Once the CLI is installed on a computer that can communicate with the kubernetes cluster, you can use a single command to install the control plane. All components of the control plane are deployed and installed in the linker D namespace as kubernetes. The web and cli tools use the controller’s API server. The target component informs the agent running the data plane of the routing information. The injector is a kubernetes admission controller, which receives webhook requests every time a pod is created. The service is used to inject a proxy as a sidecar into each pod started in the namespace. The identity component is responsible for managing the certificates that are critical to the implementation of MTLs connections between agents. Click component to receive requests from CLI and Web UI to monitor requests and responses in real time.
Linkerd comes with preconfigured Prometheus and grafana components to provide ready-made dashboards.

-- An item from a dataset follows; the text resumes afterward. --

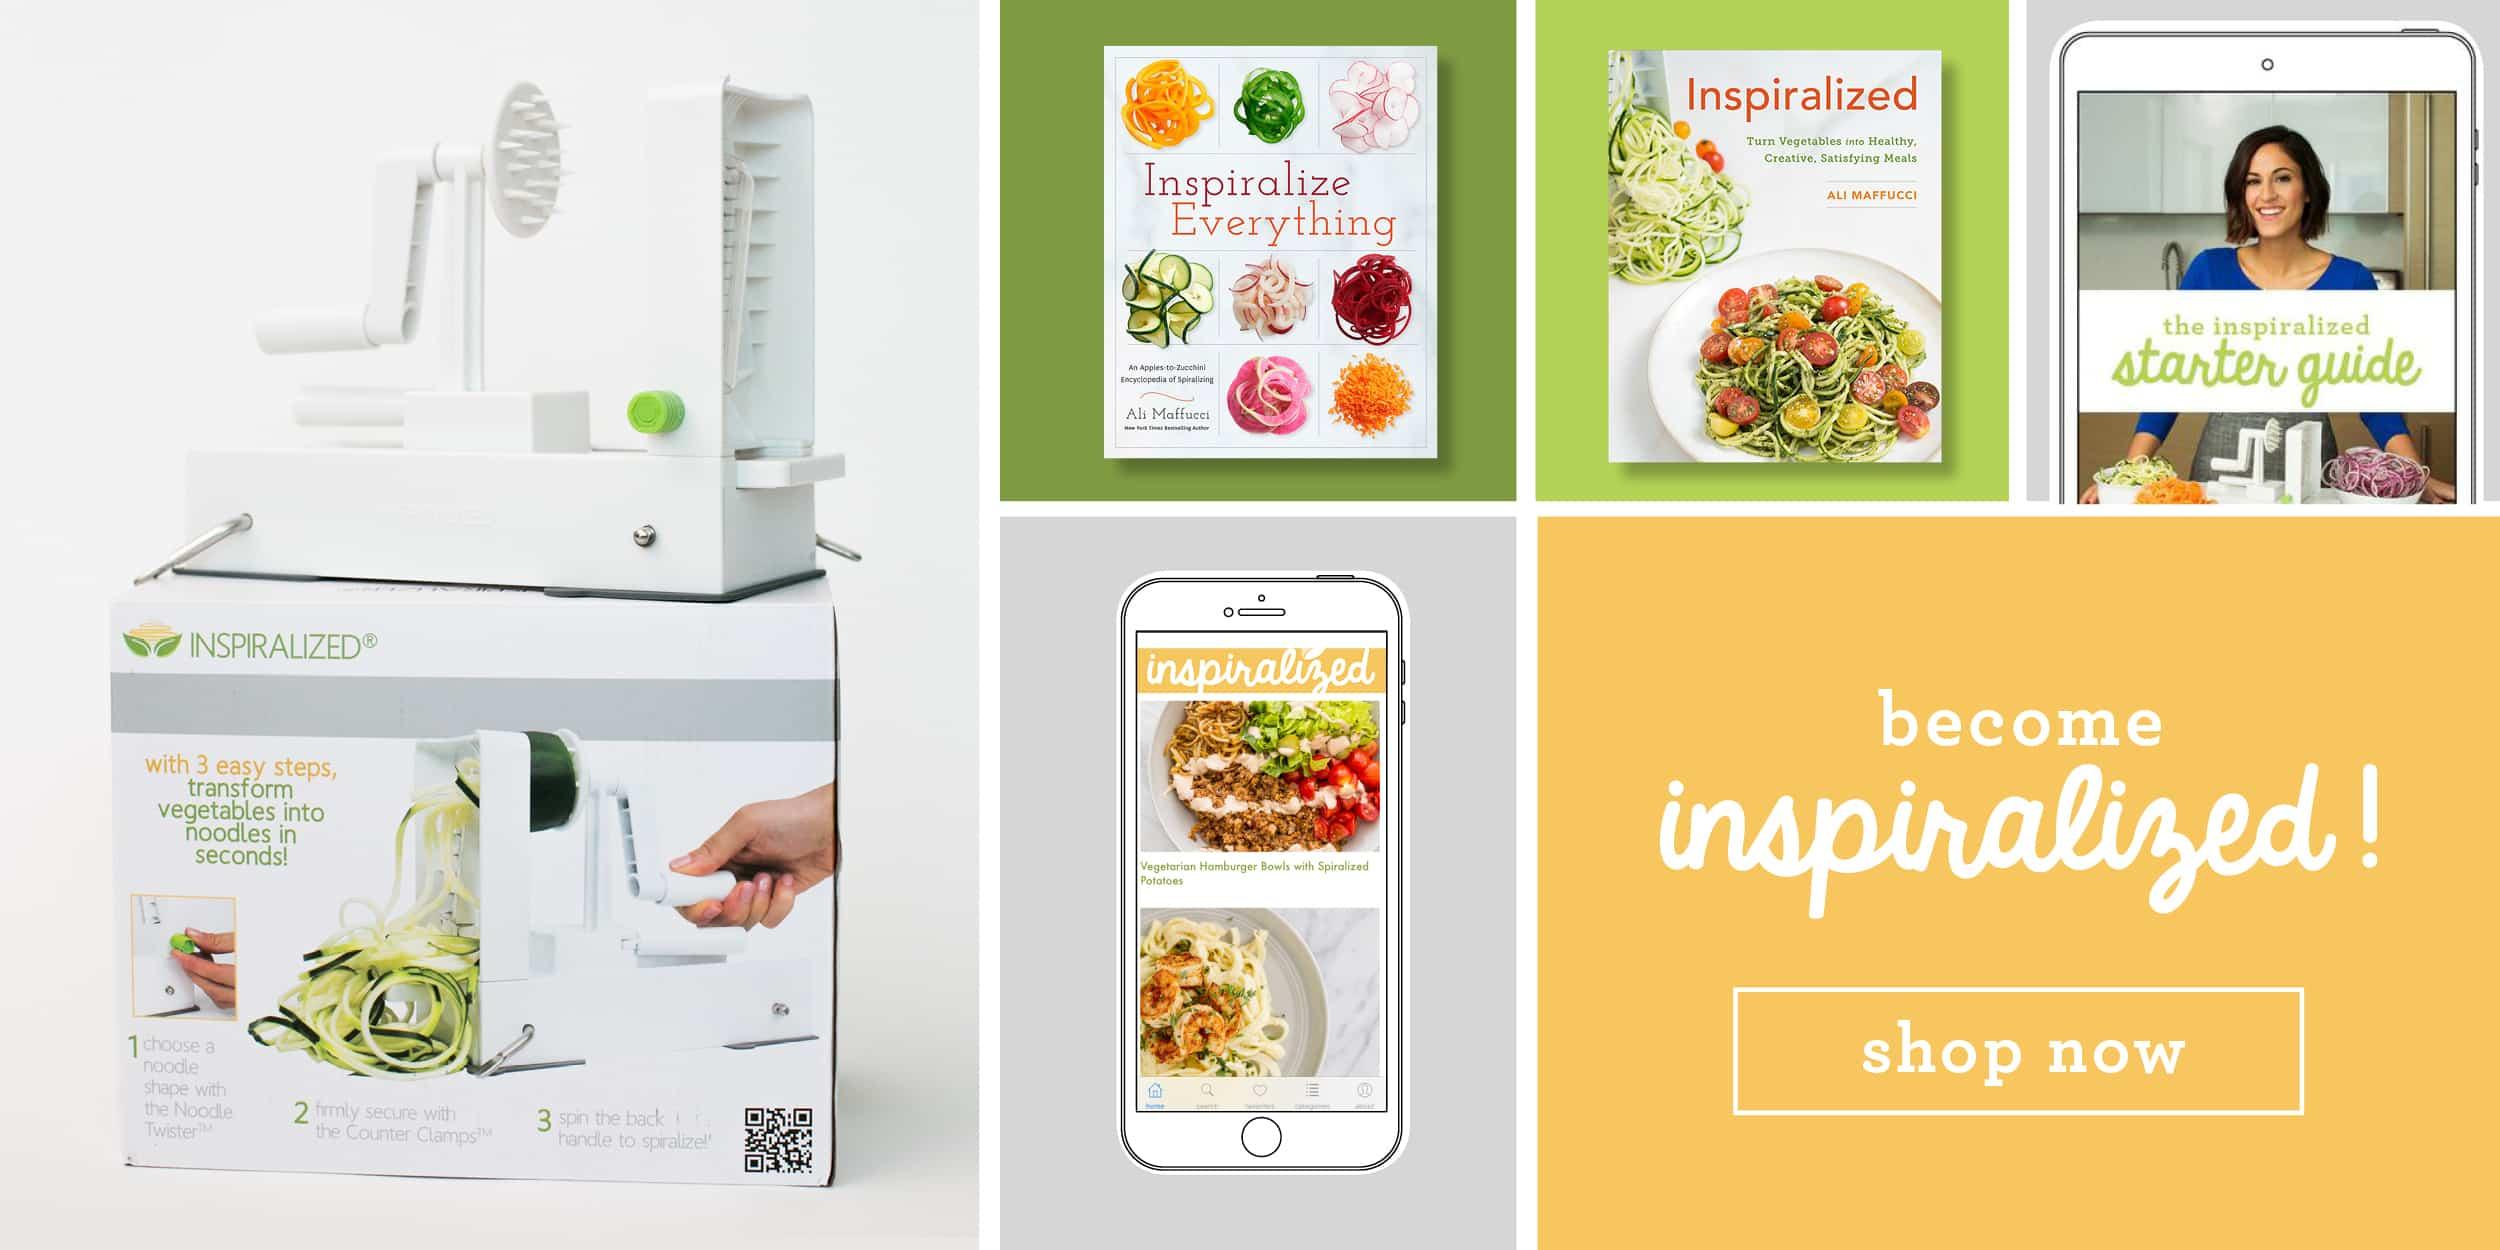 Inspiralized_Web-Ads_035811

The data plane has a lightweight agent that can be attached to the service as an auxiliary tool. There is a kubernetes initialization container to configure iptables to define traffic and connect agents to the control plane.
Linkerd meets all the attributes of the service grid – Traffic routing / Splitting, security and observability.
Interestingly, linkerd does not use envoy as a proxy. Instead, it relies on dedicated lightweight proxies written in the rust programming language. Linkerd has no built-in entry in its stack, but it can be used with an entry controller.
After istio, linkerd is one of the popular service grid platforms. Considering the lightweight and easy-to-use service grid, it attracts the attention of developers and operators.
Maesh is from containous, which founded the popular ingress traefik. Similar to Kong, Inc., containous established maesh to complement traefik. While maesh deals with east-west traffic in microservices, traefik drives north-south traffic. Like Kuma, maesh can be used with other entry controllers.
Compared with other service grid platforms, maesh adopts a different approach. It doesn’t use sidecar mode to manipulate traffic. Instead, it deploys a pod for each kubernetes node to provide well-defined service endpoints. Even with maesh deployed, microservices can continue to work. However, when they use alternative endpoints exposed by maesh, they can take advantage of service grid capabilities.
Maesh’s goal is to provide a non-invasive and non-invasive infrastructure that provides selection capabilities for developers. But it also means that the platform lacks some key functions, such as transparent TLS encryption.
Maesh supports the basic functions of service grid, including routing and observability (except security). It supports the latest specifications defined by the service mesh interface (SMI) project.
Of all the service grid technologies I have deployed in kubernetes, maesh is the simplest and fastest platform.